Blues/rock guitarist and singer Samantha Fish was in a familiar place — on tour — when, in her words, “basically everything went to hell.”

The COVID-19 pandemic sent her and countless other touring acts back home. For Fish, though, home was New Orleans, one of the cities hardest hit by the virus.

“I came home and did what everybody else did — just kind of quarantined for a very long time,” Fish said in a recent phone call. “It took a few months before it really sunk in, like all right, this is going to be for a long, long while. … It was a weird thing, especially being here in New Orleans … It was scary, but I think everybody has gone through these emotions.”

Fish has done a few physically distanced shows since then, and returns to Southwest Virginia for one on Wednesday. She and another popular and talented guitarist and singer, Tab Benoit, open up Berglund Center’s season of parking lot drive-in concerts.

“I’m really looking forward to it,” she said.

After all, there has been a lot of isolation, though she didn’t simply sit around.

“It’s been a lot of ups and downs, but personally, I just started writing,” Fish said. “It was the first time I’ve ever been able to write in a situation where I wasn’t constantly moving around from place to place.

“We tried finding ways to connect with our fans through social media, like a lot of other bands have done. [We were] just getting creative with livestreams and just trying to put out content that was sort of happy, where there was a lot of negative content coming out on social media and in the news and stuff.”

She did enough writing to make a record, and she just received the master tapes. There’s no release date set, she said.

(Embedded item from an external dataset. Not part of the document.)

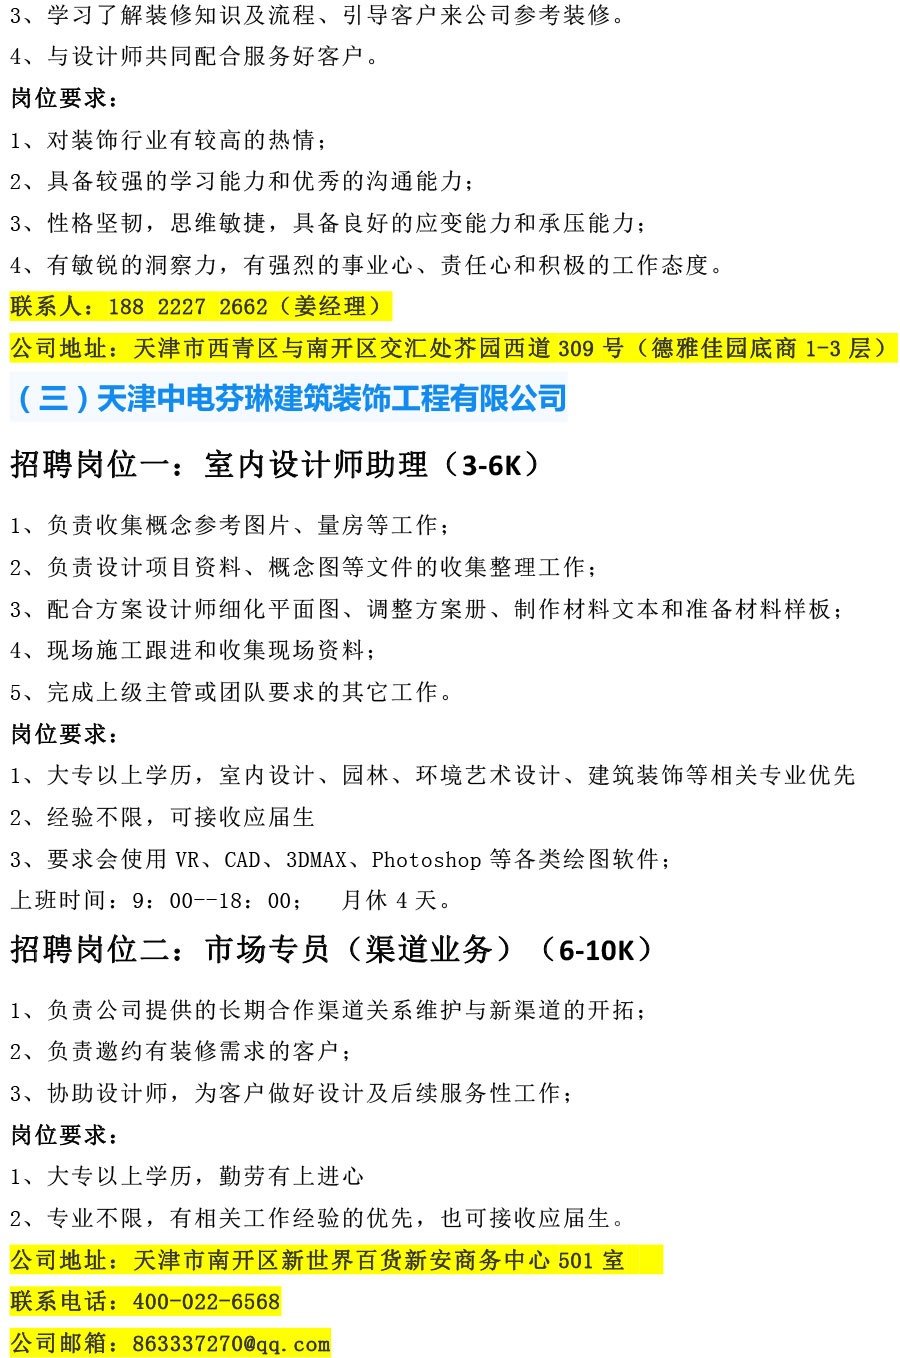 天津工艺美术职业学院2021年12月招聘信息-4.jpg

When it does drop, though, fans shouldn’t expect a pandemic-centered album.

It’s “kind of exciting and fun,” she said. “This new record that I did, I wrote a couple of songs early on that I think embodied my feelings about this whole ordeal. Then, a lot of what I was writing was kind of empowering. Maybe because I was writing from a place of feeling kind of helpless, I ended up writing more stuff that was from a place of empowerment and fun and taking control.

“I’m kind of surprised that after the year that we’ve all had, that was the direction, because I kind of was thinking that it would be sort of a drag, the record.”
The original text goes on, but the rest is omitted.